U.S. Patents We Don't Know (2)

China patent, in the background technology department, we always talk about the problems and shortcomings of the existing technology, and then put forward how I can improve it.

Based on this logic, we always try to explain some technical problems.

The best thing is that there are many problems in the existing technology, which have been overcome by my brilliant invention.

However, the description of the prior art in American patents should not be too detailed for the following reasons:

1. There is too much background technology. You are very clear about the background technology provided, but it is difficult to hide anything behind it;

3. Talking too much may also inspire competitors, thus forming their technology roadmap;

4. American patents have the obligation to disclose information, that is, the application documents must also provide a list of patents about the background technology, which must not be concealed;

As for these technologies, the examiner didn't see how they affected the application, or the examiner didn't see the important information here. This is the examiner's business, and the responsibility is not the inventor's.

However, if the inventor fails to provide it at the time of application, he shall bear the responsibility;

Therefore, in the US application, for the background art:

1. Don't say things you are not sure about;

2. Explain as simply and generally as possible, and don't criticize the existing technology;

3. The list of background technical documents should be provided as much as possible, which can avoid responsibility and speed up the audit;

Here, especially:

American patent background technology, its purpose is to tell the examiner a story, explain the advantages of this application, and persuade the examiner to grant the patent right.

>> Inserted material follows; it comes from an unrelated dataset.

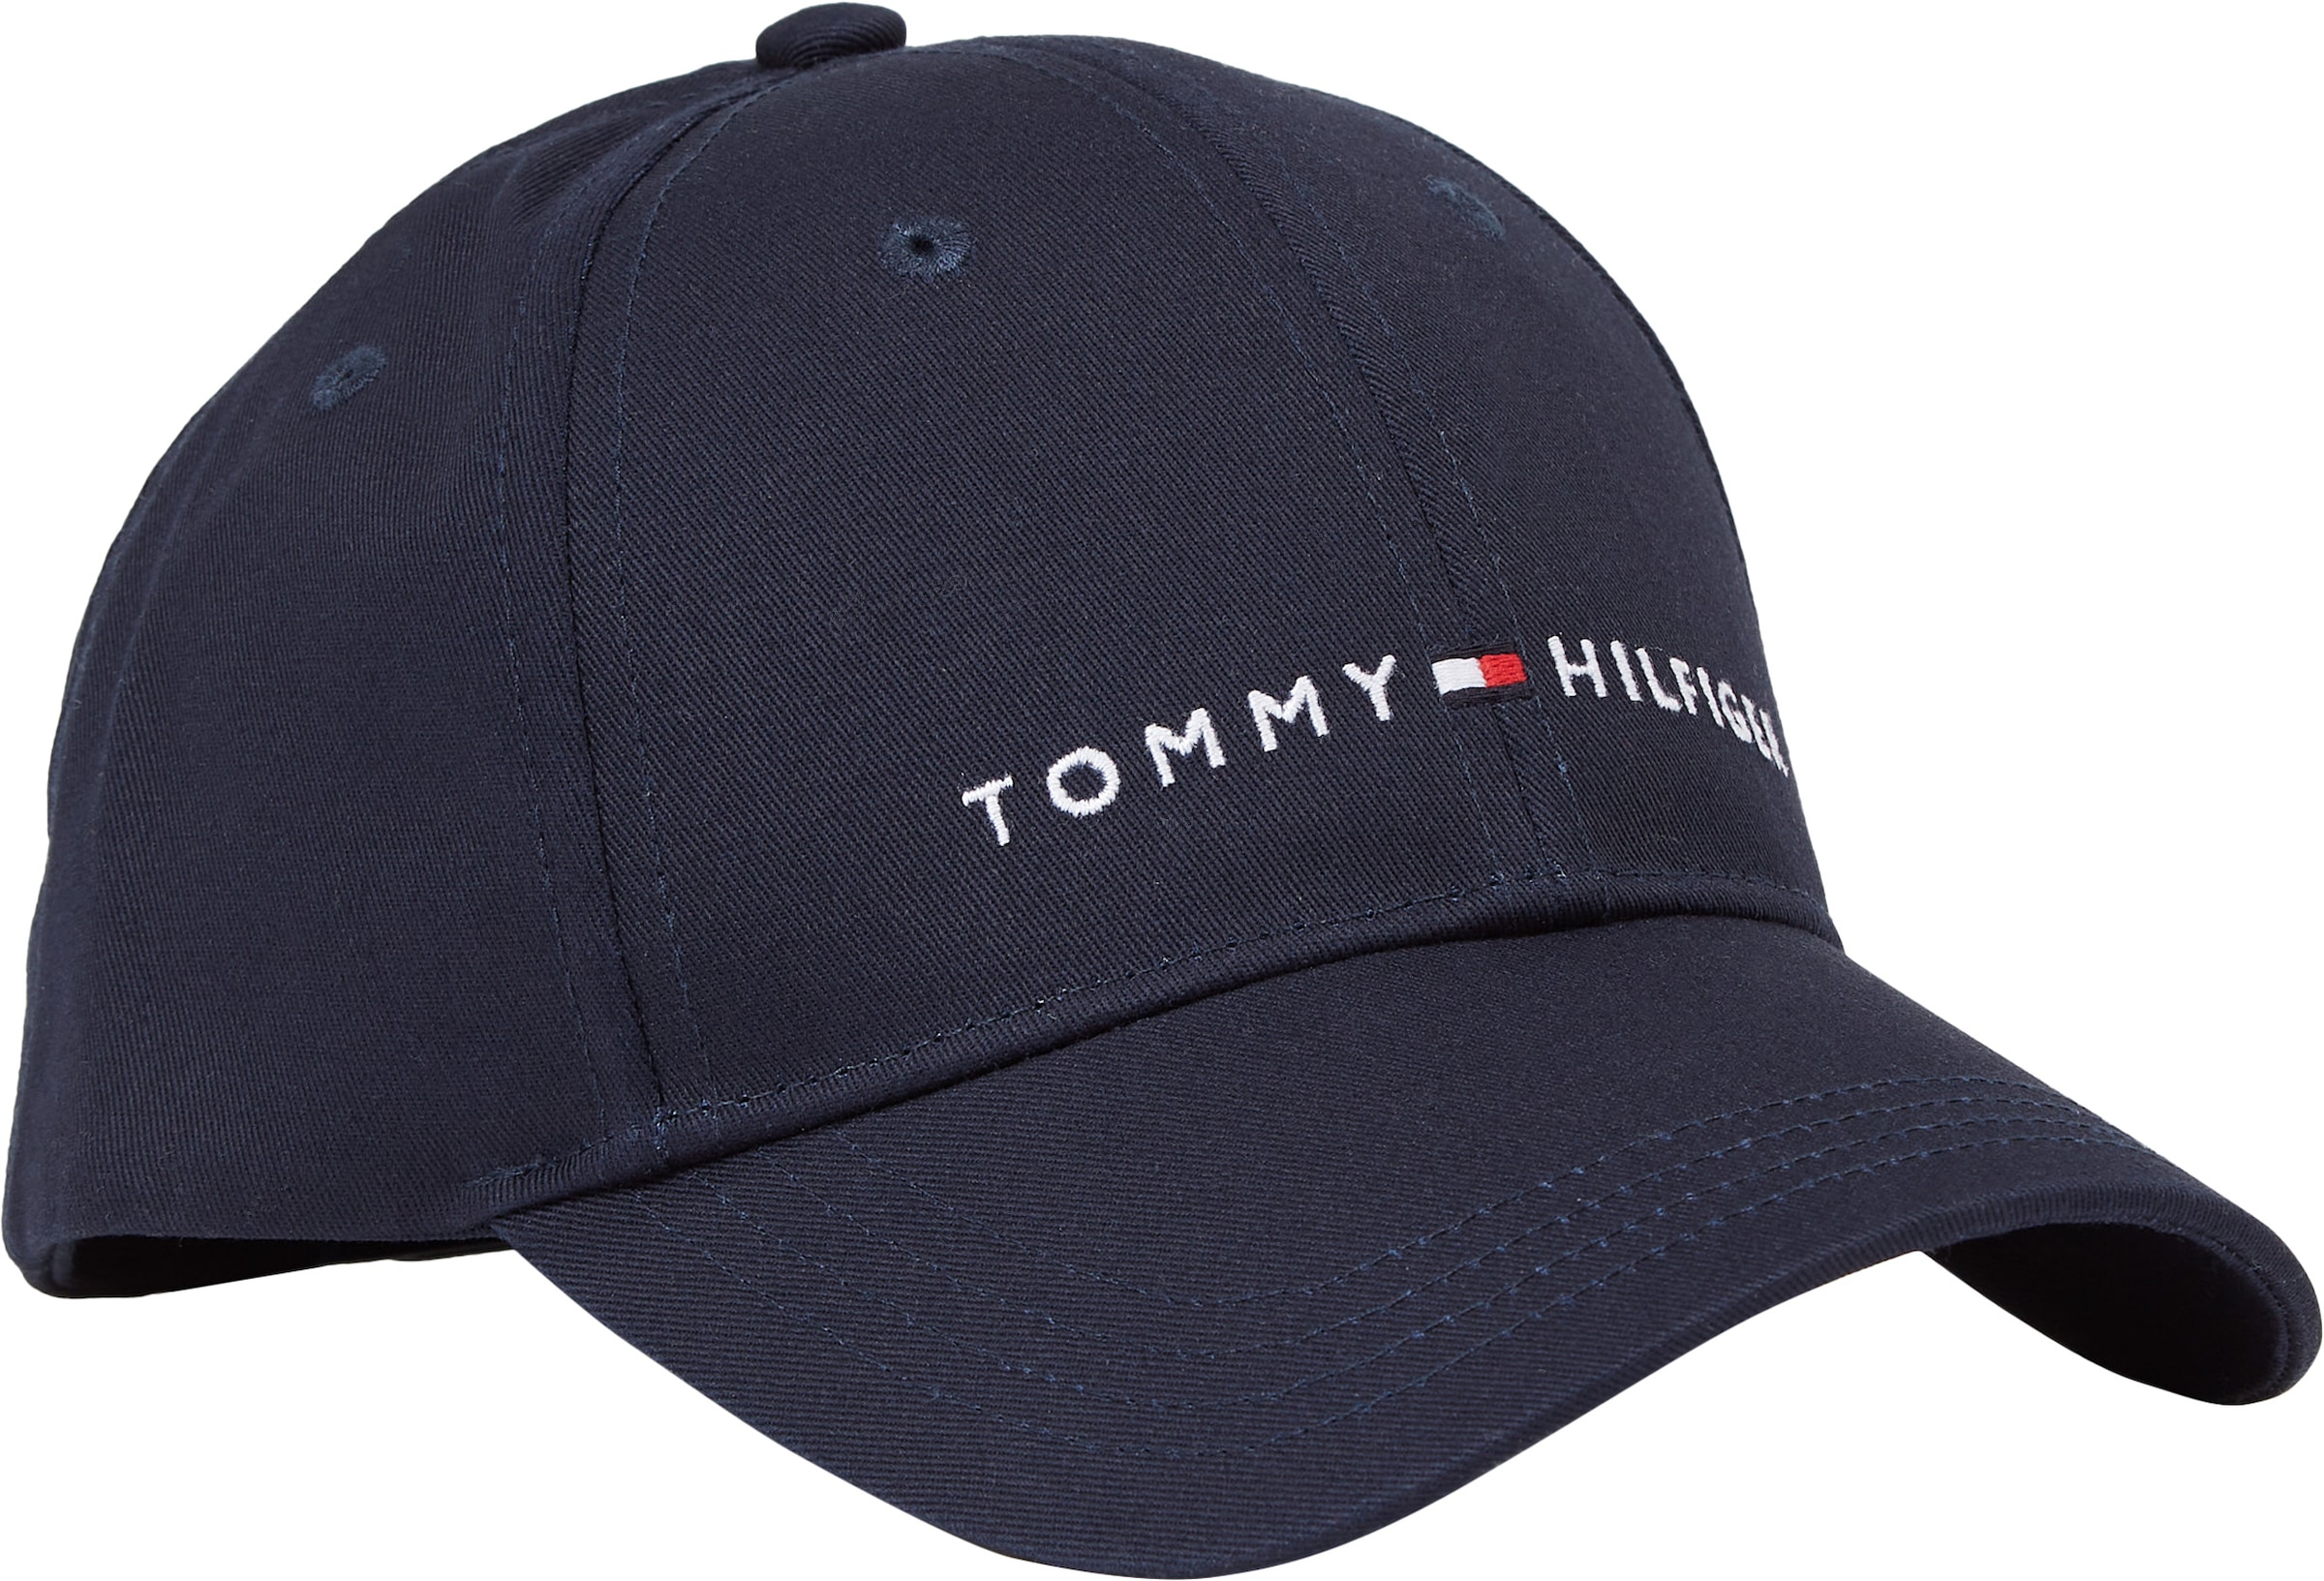 Découvrir Tommy Hilfiger Snapback Branding sur Cap Cap, Kinder Essential verstellbare mit

In our impression, American lawyers' fees are charged by the hour, which is so expensive!

Our intuition is that if all the cases were written and translated in China, wouldn't they submit them directly? What is so expensive to spell?

Is the time given by American lawyers reliable? Did you really spend that much time?

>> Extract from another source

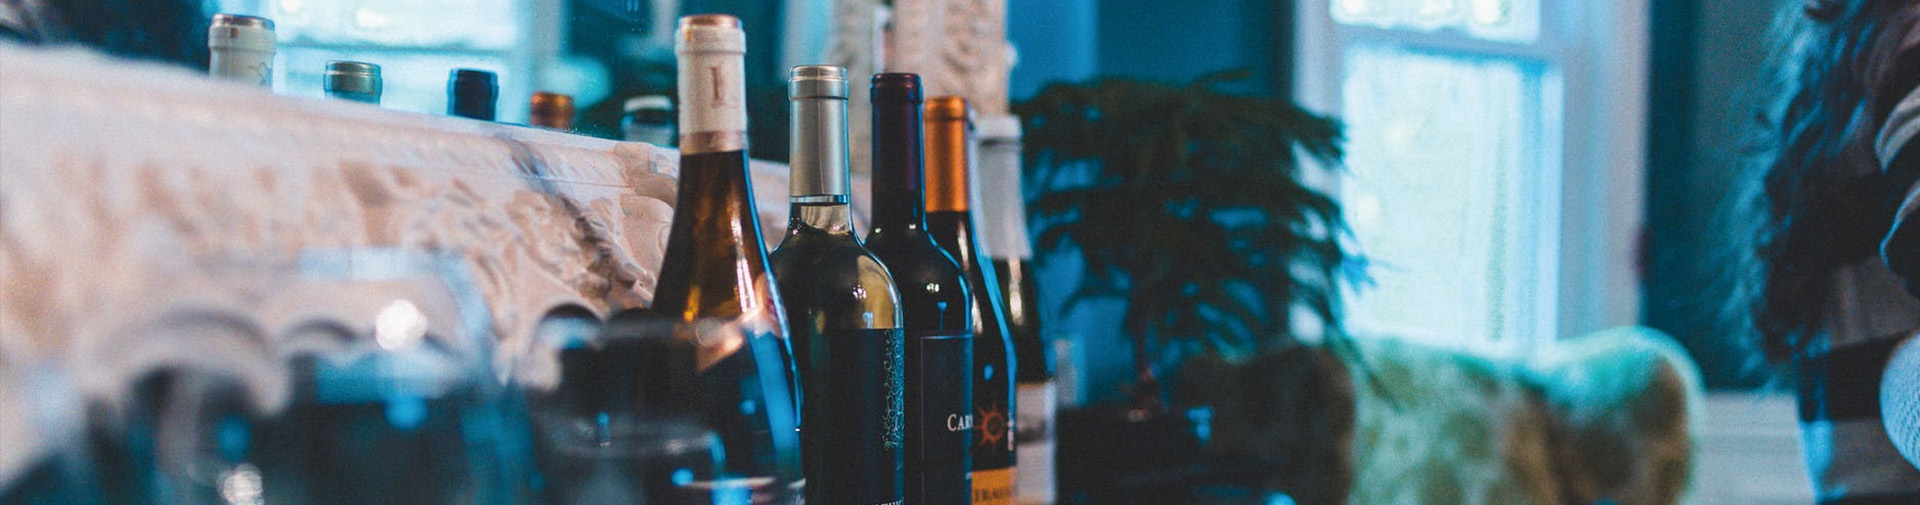 法国葡萄酒批发价格_法国葡萄酒、香槟多少钱-福莱沃酒业广州有限公司

In the communication with American lawyers, I found that:

Charge by the hour, but they generally dare not drive more, and the driving time is less than the actual time, because most customers will not accept it;

They are responsible for following up the cases submitted by themselves.

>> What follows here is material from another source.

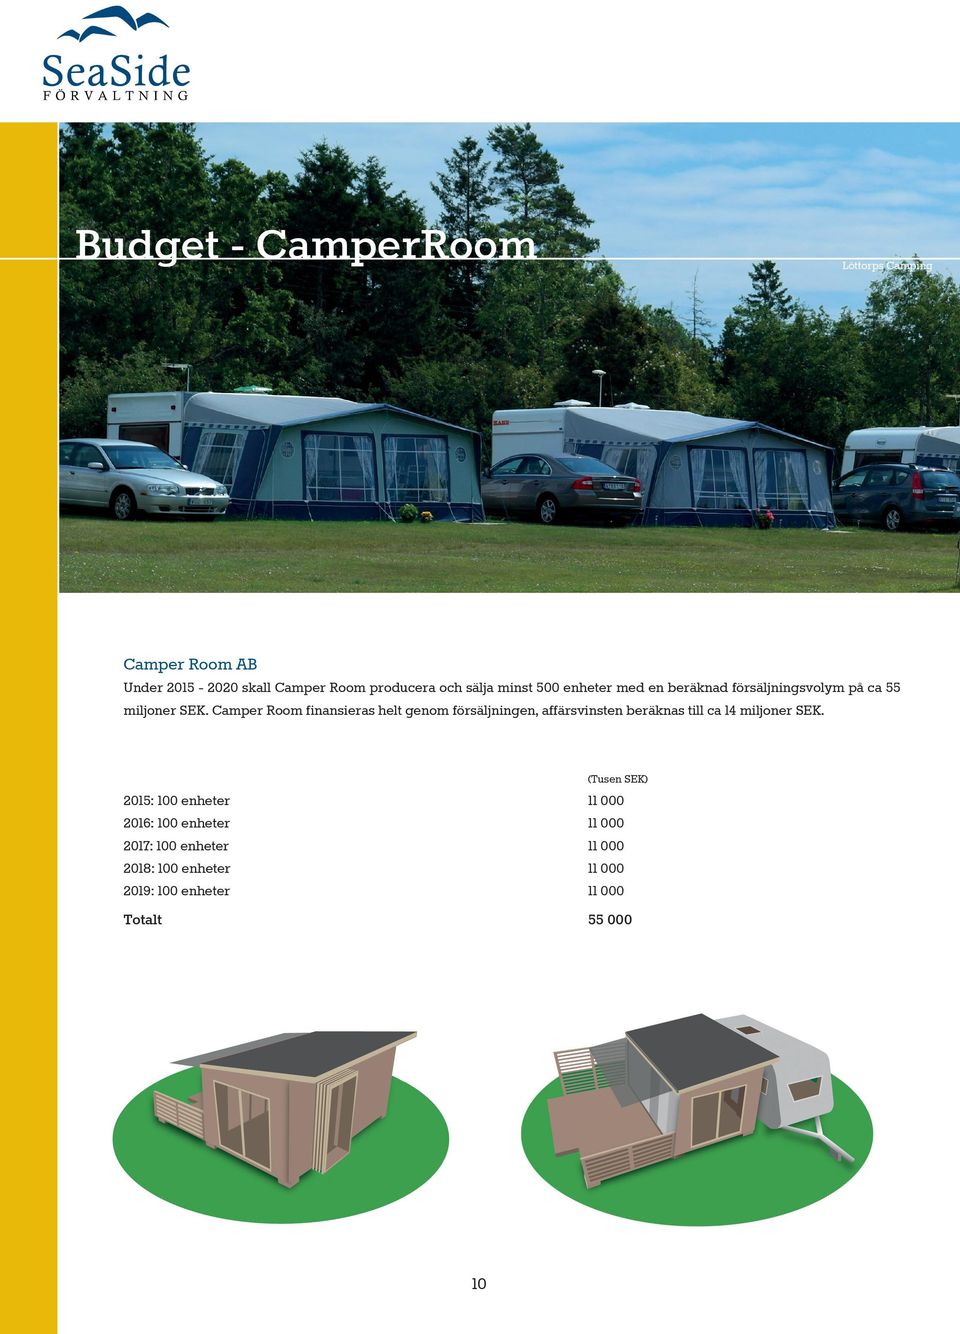 Camper Room finansieras helt genom försäljningen, affärsvinsten beräknas till ca 14 miljoner SEK.

The first American reputation culture;

Second, the patent application fee in the United States is very expensive, and it must stand the challenge of the market if it is used to "fight" in the future. If there is a problem, the responsibility of the agent is unshirkable;

They often have loopholes in other people's review documents, so they are very clear about what kind of goals they will become if they are not rigorous and casual.

Therefore, they are not simple manual processes.

Examiners in the United States are basically technicians with science and engineering backgrounds. After simple legal training, they go to the Patent and Trademark Office to examine cases.

Therefore, most of them will be modest to their lawyers, and they will often be willing to listen to their lawyers and communicate more actively.

In such an environment, it is easier for agents to safeguard the interests of inventors.

In China,

The examiner represents the "official"; At the same time, in order to adapt to the rapidly developing intellectual property industry, there are many new examiners;

Agents, due to the rapid development of China's patent industry, a large number of novices enter the agency industry every year;

The key lies in the "unequal" relationship between the agent and the examiner. In order to authorize, the agent can't stick to the interests of the inventor and make concessions easily.

The agent defended the rights of the inventor and was directly rejected by the examiner in the case of "annoyance".

To be on the safe side, many times, it is better to give up your car and stay handsome.

For the patents of American universities, the inventors are more flexible in negotiations and can accept the relatively low licensing fee at the beginning.

This enables small technology companies to afford patents from American universities.

After purchasing these patents, the inventor and the enterprise share the risks and share the later benefits.

Inventors may acquire shares in technology in the future, or they may continue to gain profits;

Because of the flexible negotiation strategy, the patents of American universities are easy to transfer and transform.

In addition, some patents granted by American universities have very high income.

Often it is "a patent license income can support a university."

Officials believe that because the rate of return is so high, the inventors of American universities, the patented technology with the most commercial prospects in universities, will attach great importance to it and invest more in the early stage.